> _Dataset extract_:
====================
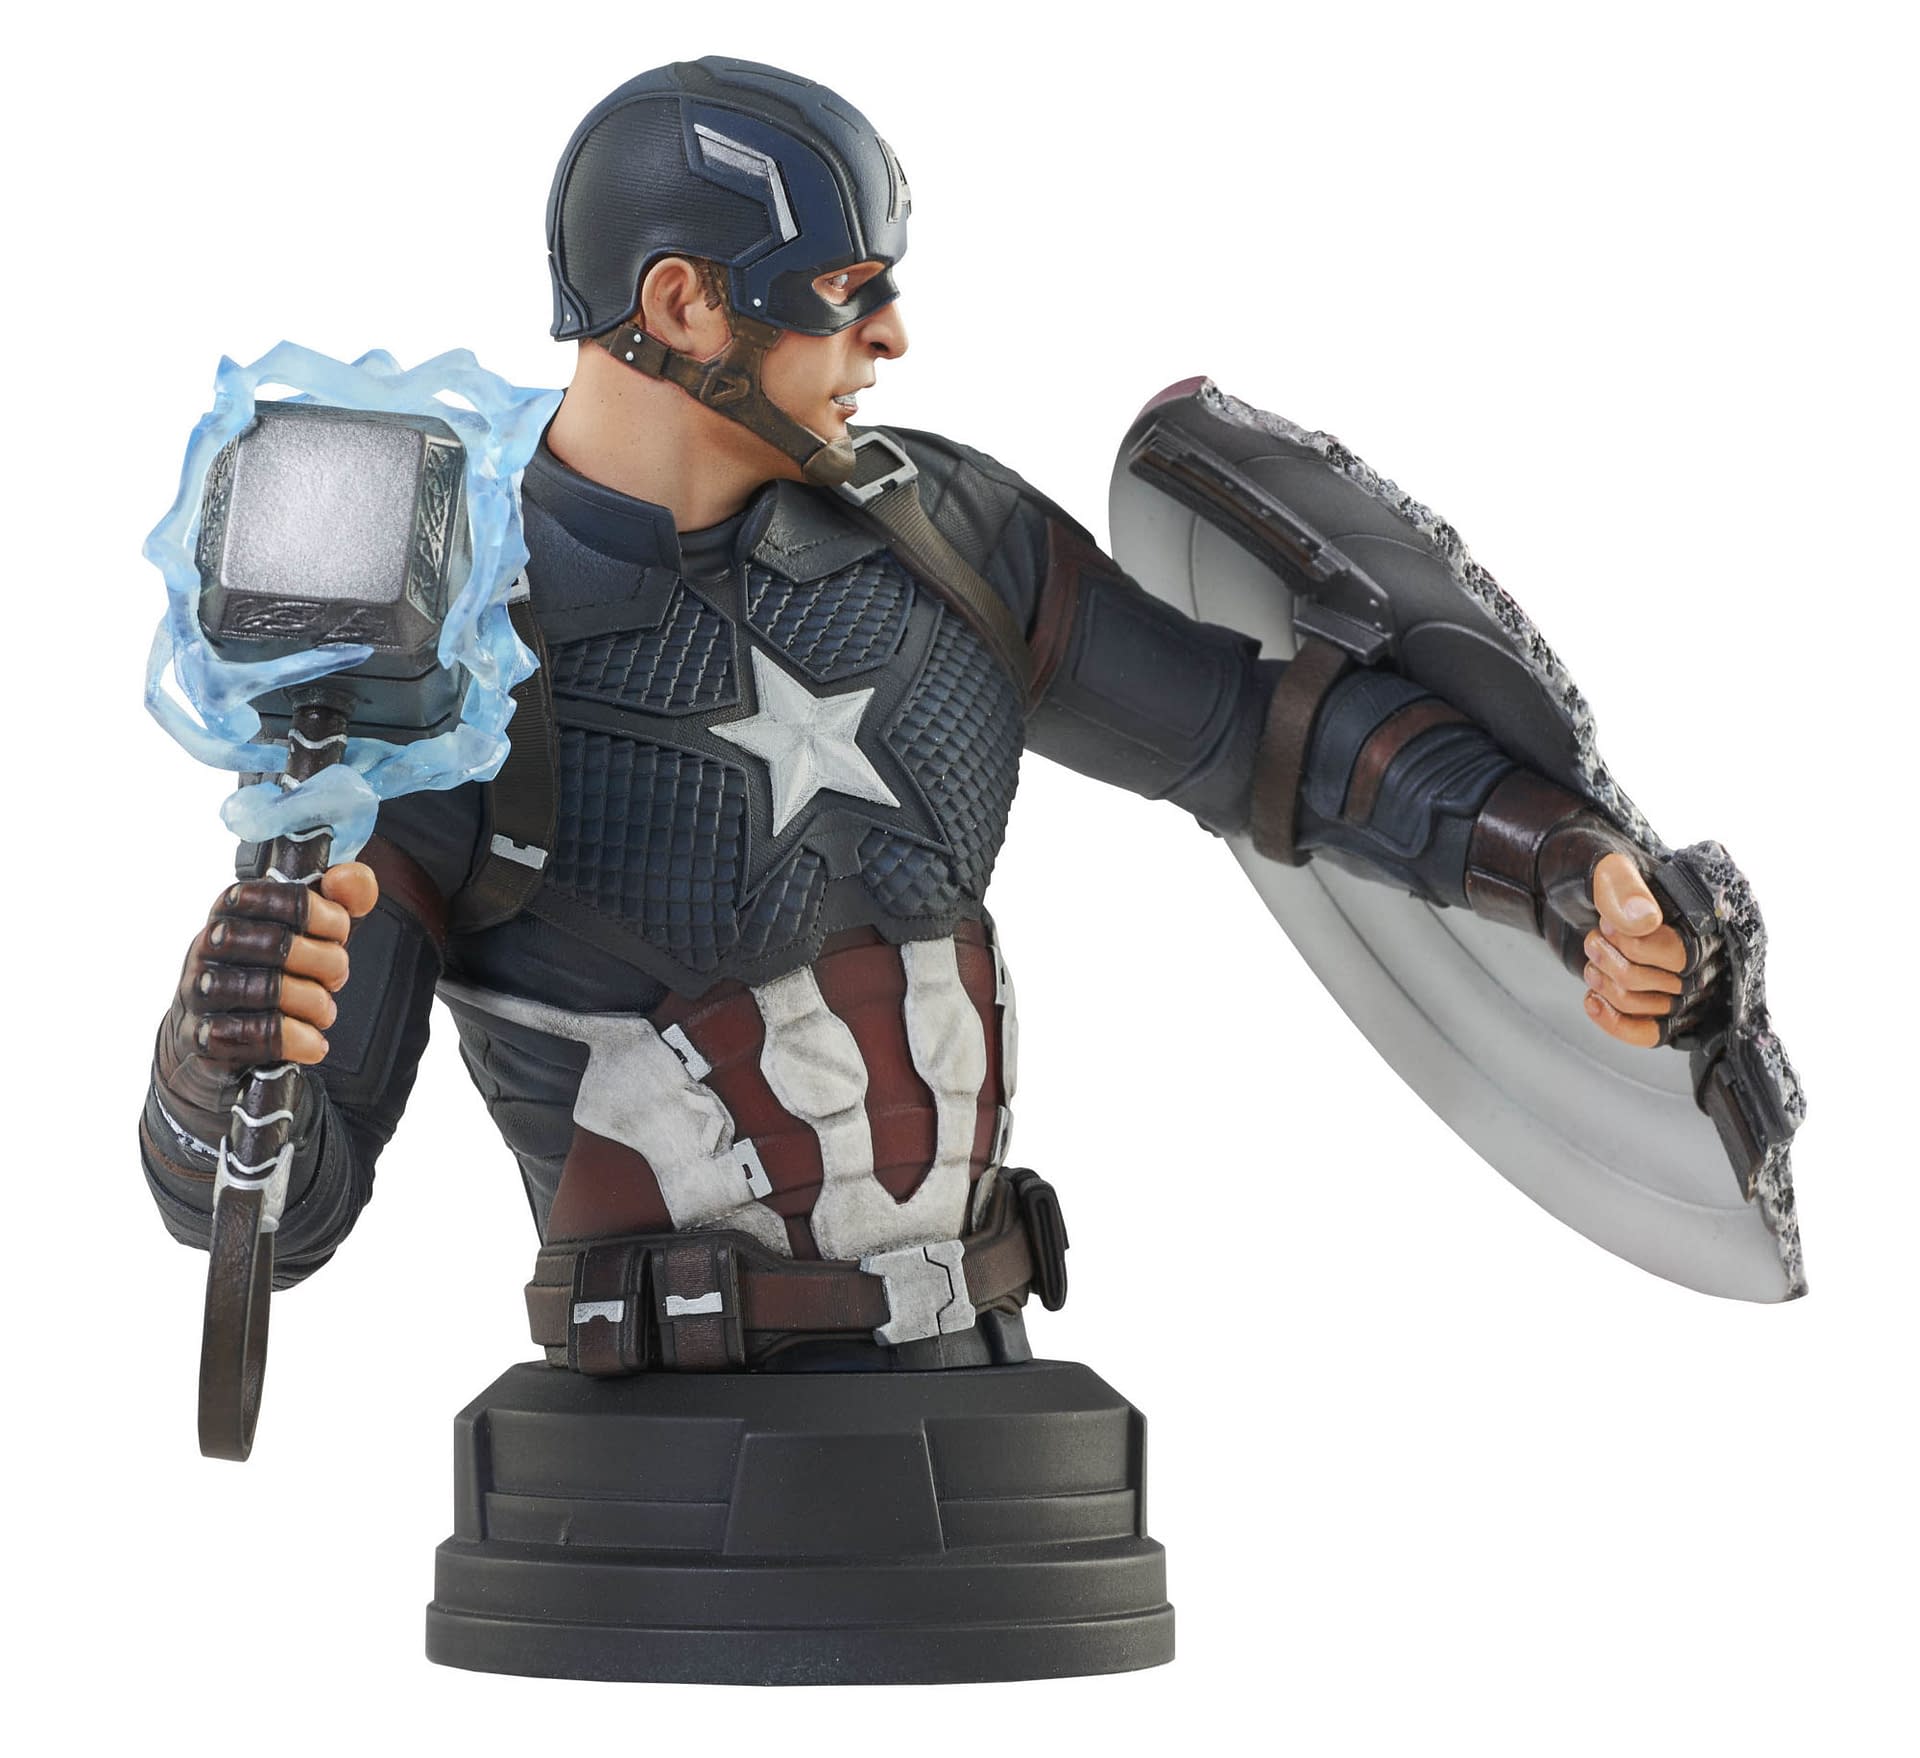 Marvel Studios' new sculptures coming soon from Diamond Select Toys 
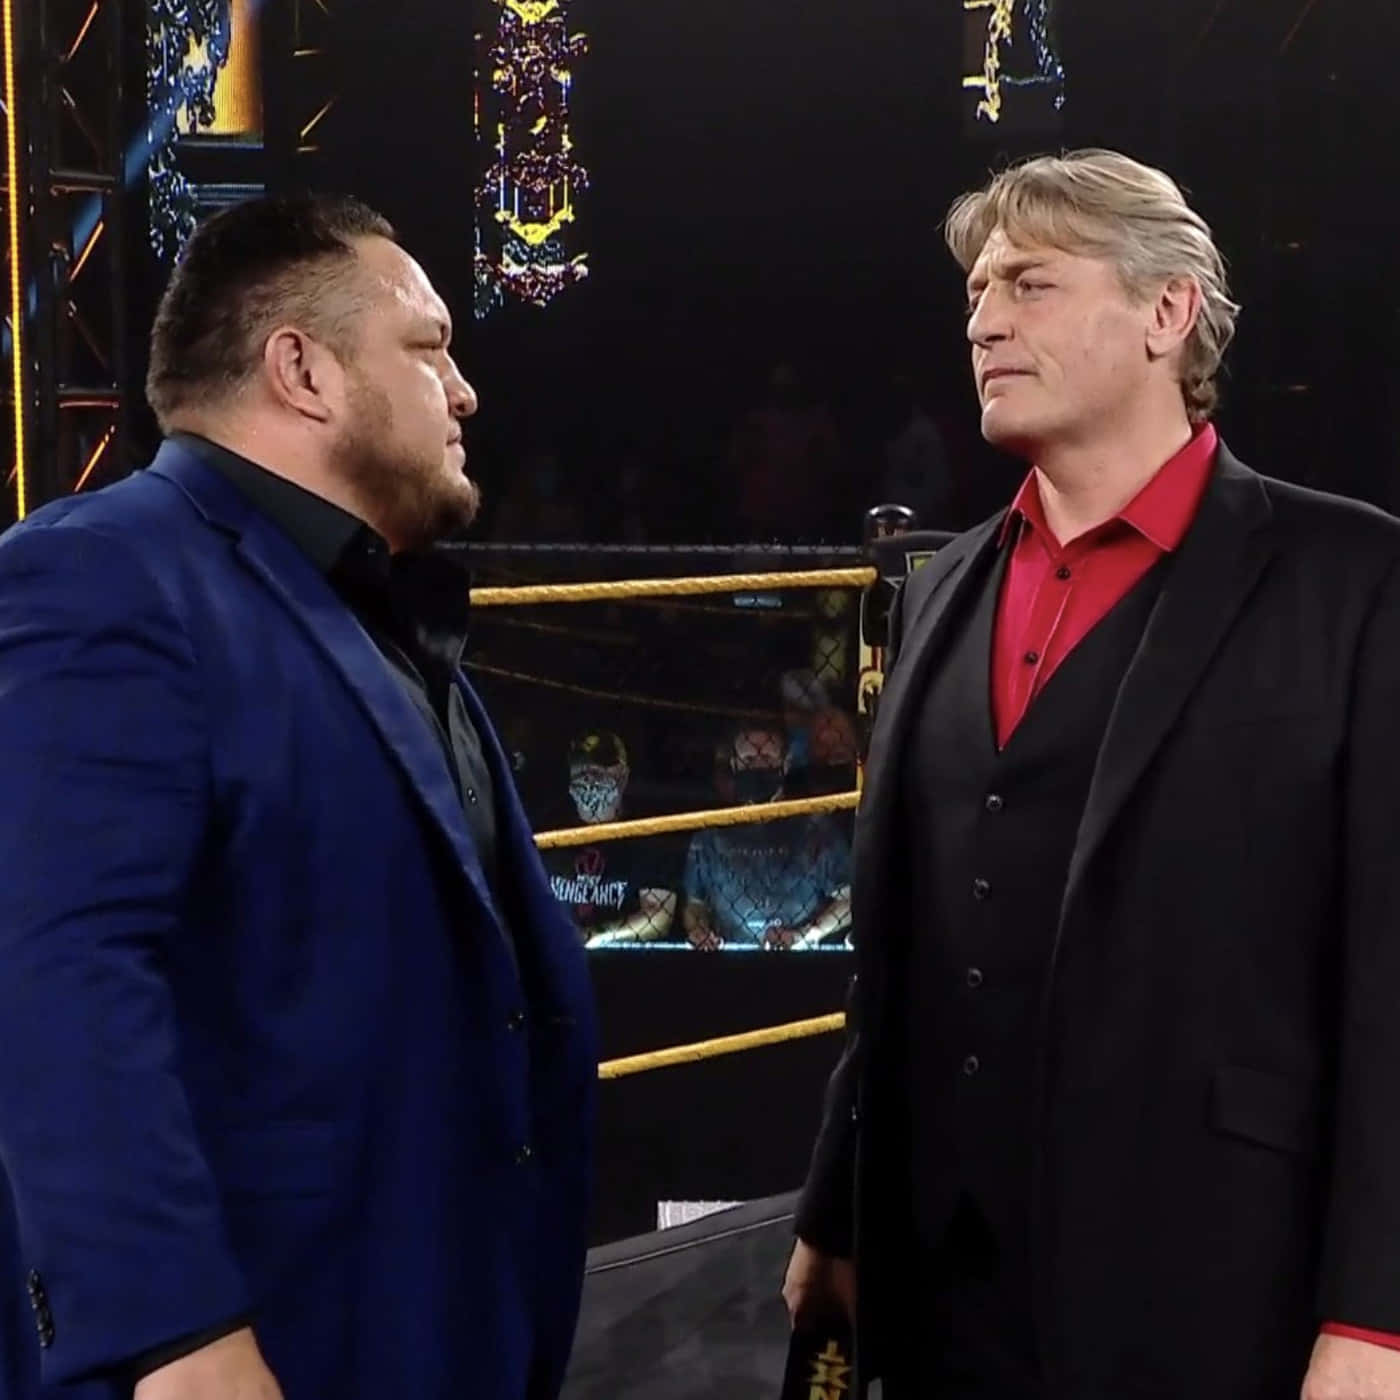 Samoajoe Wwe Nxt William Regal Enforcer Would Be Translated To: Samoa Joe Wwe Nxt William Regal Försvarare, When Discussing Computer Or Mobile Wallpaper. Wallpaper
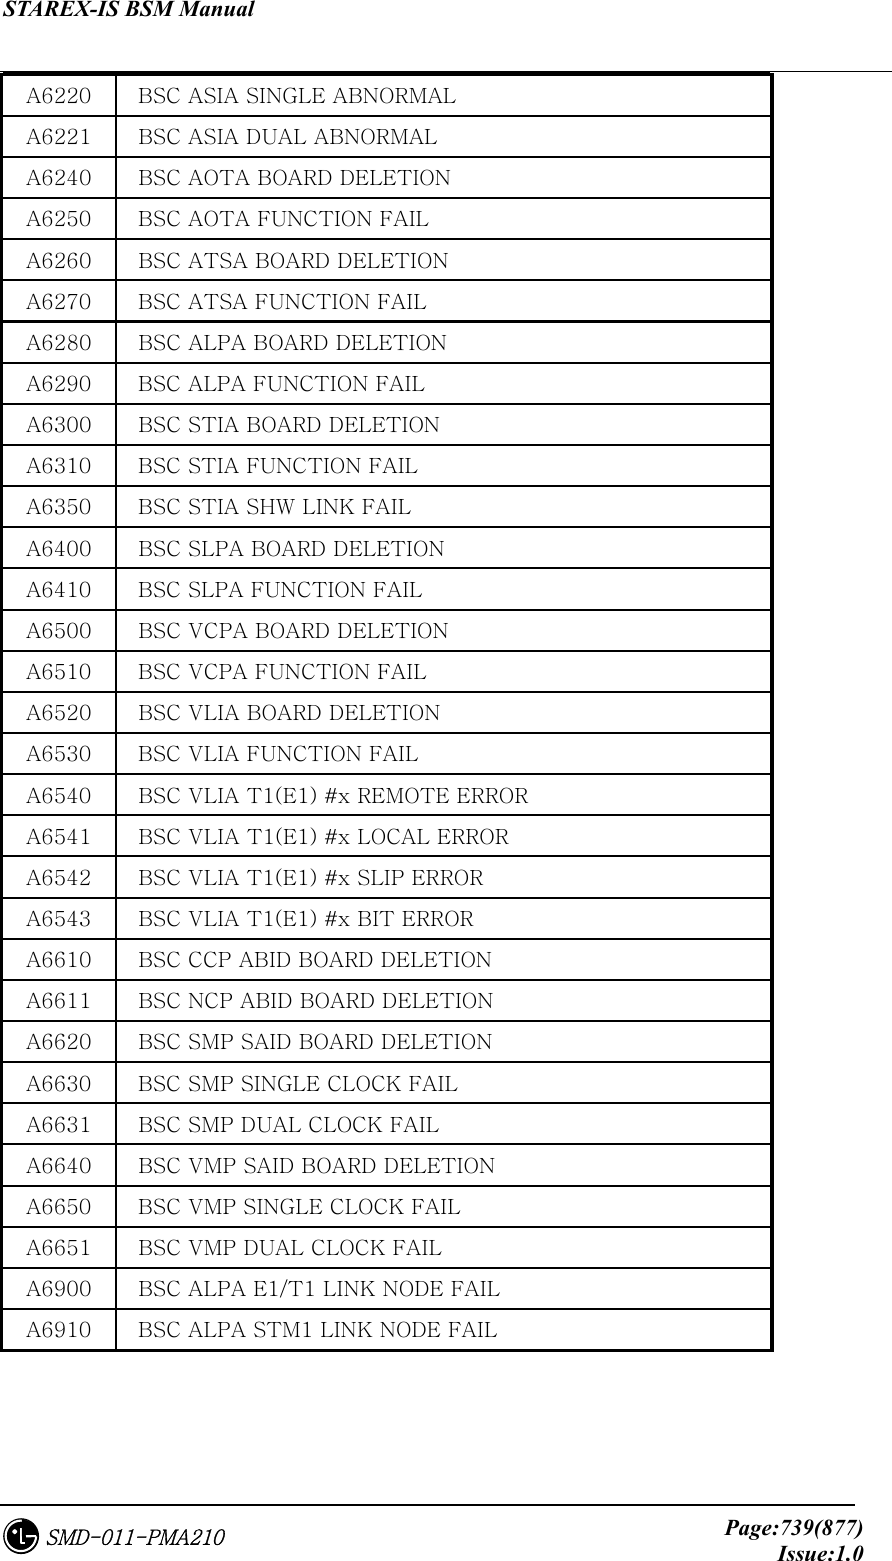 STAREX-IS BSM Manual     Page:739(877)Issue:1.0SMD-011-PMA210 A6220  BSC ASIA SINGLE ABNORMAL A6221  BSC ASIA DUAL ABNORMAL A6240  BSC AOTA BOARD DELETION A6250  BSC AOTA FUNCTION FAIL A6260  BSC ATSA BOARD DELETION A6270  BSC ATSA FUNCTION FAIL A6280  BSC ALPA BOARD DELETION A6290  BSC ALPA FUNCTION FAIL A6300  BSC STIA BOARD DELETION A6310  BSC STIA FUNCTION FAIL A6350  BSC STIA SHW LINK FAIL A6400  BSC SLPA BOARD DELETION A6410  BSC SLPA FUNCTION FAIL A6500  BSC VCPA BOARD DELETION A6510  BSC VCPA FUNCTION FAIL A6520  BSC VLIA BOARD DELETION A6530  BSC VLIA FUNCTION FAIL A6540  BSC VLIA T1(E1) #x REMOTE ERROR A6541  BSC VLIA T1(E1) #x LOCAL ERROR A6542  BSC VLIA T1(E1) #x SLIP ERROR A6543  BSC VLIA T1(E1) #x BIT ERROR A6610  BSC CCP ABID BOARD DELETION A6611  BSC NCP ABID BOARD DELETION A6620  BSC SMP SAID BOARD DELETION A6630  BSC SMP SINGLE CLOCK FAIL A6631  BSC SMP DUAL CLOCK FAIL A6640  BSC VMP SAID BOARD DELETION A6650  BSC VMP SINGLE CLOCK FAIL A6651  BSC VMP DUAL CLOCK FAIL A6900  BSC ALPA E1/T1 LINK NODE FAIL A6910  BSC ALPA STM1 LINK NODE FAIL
====================
> _Task instructions_: Print the complete listing exactly as it stands, without its pictures.

> _Response_:
 Marvel Studios' new sculptures coming soon from Diamond Select Toys 
 Samoajoe Wwe Nxt William Regal Enforcer Would Be Translated To: Samoa Joe Wwe Nxt William Regal Försvarare, When Discussing Computer Or Mobile Wallpaper. Wallpaper
 STAREX-IS BSM Manual     Page:739(877)Issue:1.0SMD-011-PMA210 A6220  BSC ASIA SINGLE ABNORMAL A6221  BSC ASIA DUAL ABNORMAL A6240  BSC AOTA BOARD DELETION A6250  BSC AOTA FUNCTION FAIL A6260  BSC ATSA BOARD DELETION A6270  BSC ATSA FUNCTION FAIL A6280  BSC ALPA BOARD DELETION A6290  BSC ALPA FUNCTION FAIL A6300  BSC STIA BOARD DELETION A6310  BSC STIA FUNCTION FAIL A6350  BSC STIA SHW LINK FAIL A6400  BSC SLPA BOARD DELETION A6410  BSC SLPA FUNCTION FAIL A6500  BSC VCPA BOARD DELETION A6510  BSC VCPA FUNCTION FAIL A6520  BSC VLIA BOARD DELETION A6530  BSC VLIA FUNCTION FAIL A6540  BSC VLIA T1(E1) #x REMOTE ERROR A6541  BSC VLIA T1(E1) #x LOCAL ERROR A6542  BSC VLIA T1(E1) #x SLIP ERROR A6543  BSC VLIA T1(E1) #x BIT ERROR A6610  BSC CCP ABID BOARD DELETION A6611  BSC NCP ABID BOARD DELETION A6620  BSC SMP SAID BOARD DELETION A6630  BSC SMP SINGLE CLOCK FAIL A6631  BSC SMP DUAL CLOCK FAIL A6640  BSC VMP SAID BOARD DELETION A6650  BSC VMP SINGLE CLOCK FAIL A6651  BSC VMP DUAL CLOCK FAIL A6900  BSC ALPA E1/T1 LINK NODE FAIL A6910  BSC ALPA STM1 LINK NODE FAIL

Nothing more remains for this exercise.